The Correct Option is A

To solve this problem, we need to find the temperature attained by the toaster when it is connected to a 220 V supply, and the current flowing through it is 2.75 A. The given parameters are:

• Initial resistance at room temperature (\(27^\circ \text{C}\)): \( R_0 = 60 \, \Omega \)
• Voltage supply: \( V = 220 \, \text{V} \)
• Current: \( I = 2.75 \, \text{A} \)
• Temperature coefficient of resistance: \( \alpha = 2 \times 10^{-4} / ^\circ \text{C} \)

The resistance at the temperature the toaster finally reaches can be calculated using Ohm's Law:

\(R = \frac{V}{I}\)

Substituting the given values:

\(R = \frac{220}{2.75} = 80 \, \Omega\)

Let the final temperature be \( T \).
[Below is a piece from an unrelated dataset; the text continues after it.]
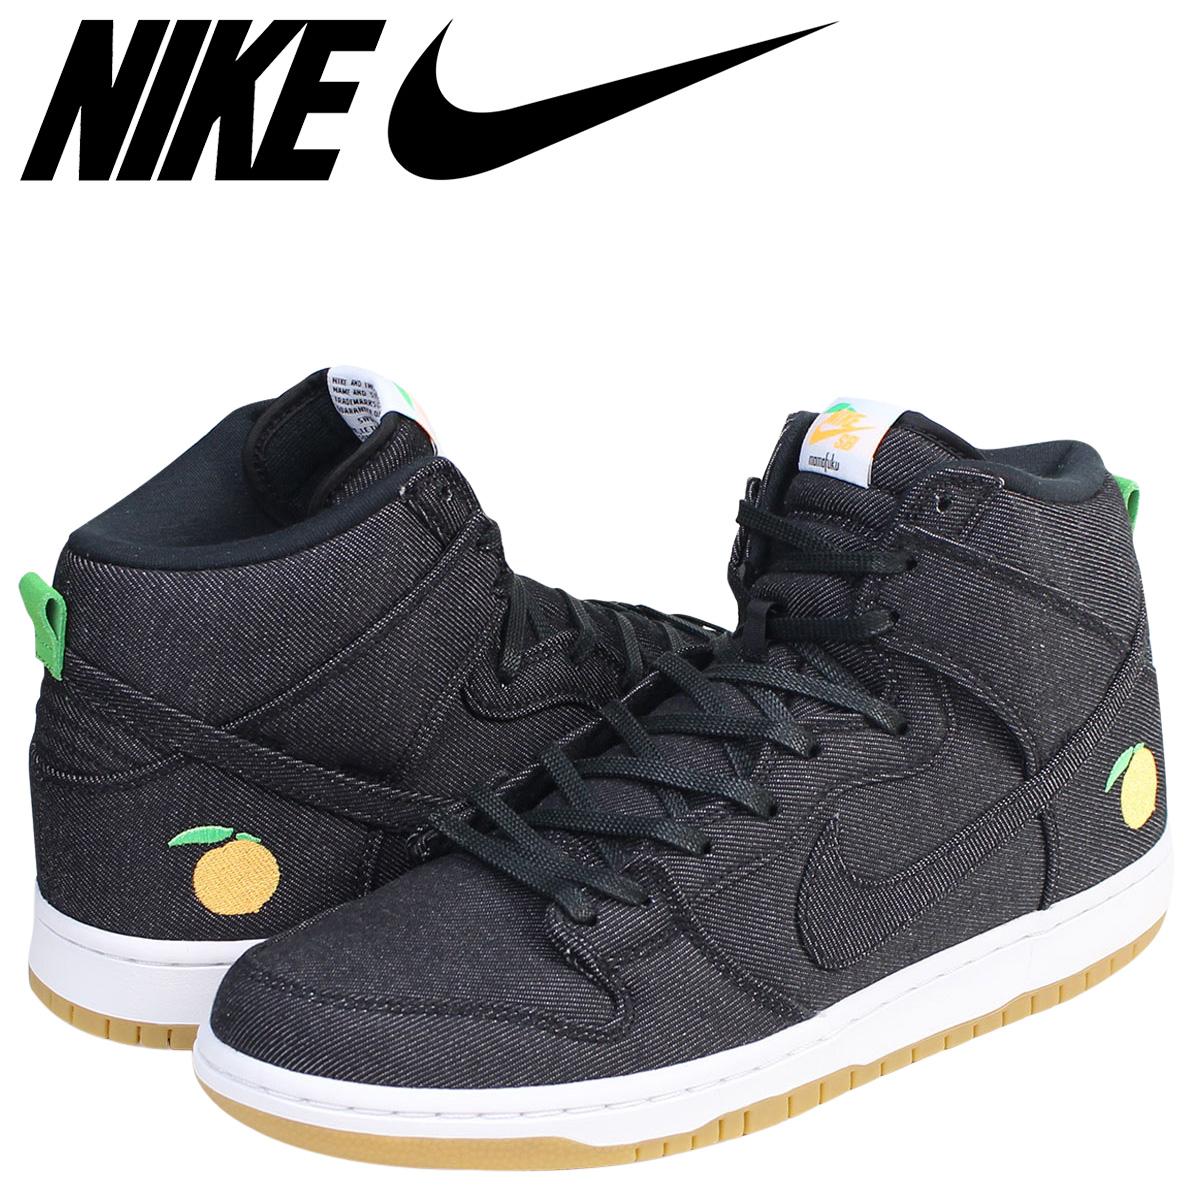 cheap for discount 5d541 ef05f NIKE Nike SB dunk high sneakers DUNK HIGH TRD QS MOMOFUKU 881,758-071 men's  shoes black

The relation between resistance and temperature is given by:

\(R = R_0(1 + \alpha(T - T_0))\)

Substituting the known values:

\(80 = 60 \times (1 + 2 \times 10^{-4} \times (T - 27))\)

Solve for \( T \):

\(1.3333 = 1 + 2 \times 10^{-4} \times (T - 27)\)
\(0.3333 = 2 \times 10^{-4} \times (T - 27)\)
\(T - 27 = \frac{0.3333}{2 \times 10^{-4}}\)
\(T - 27 = 1666.5\)
\(T = 1666.5 + 27 = 1693.5\)

Hence, the temperature attained by the toaster is approximately \( 1694^\circ \text{C} \).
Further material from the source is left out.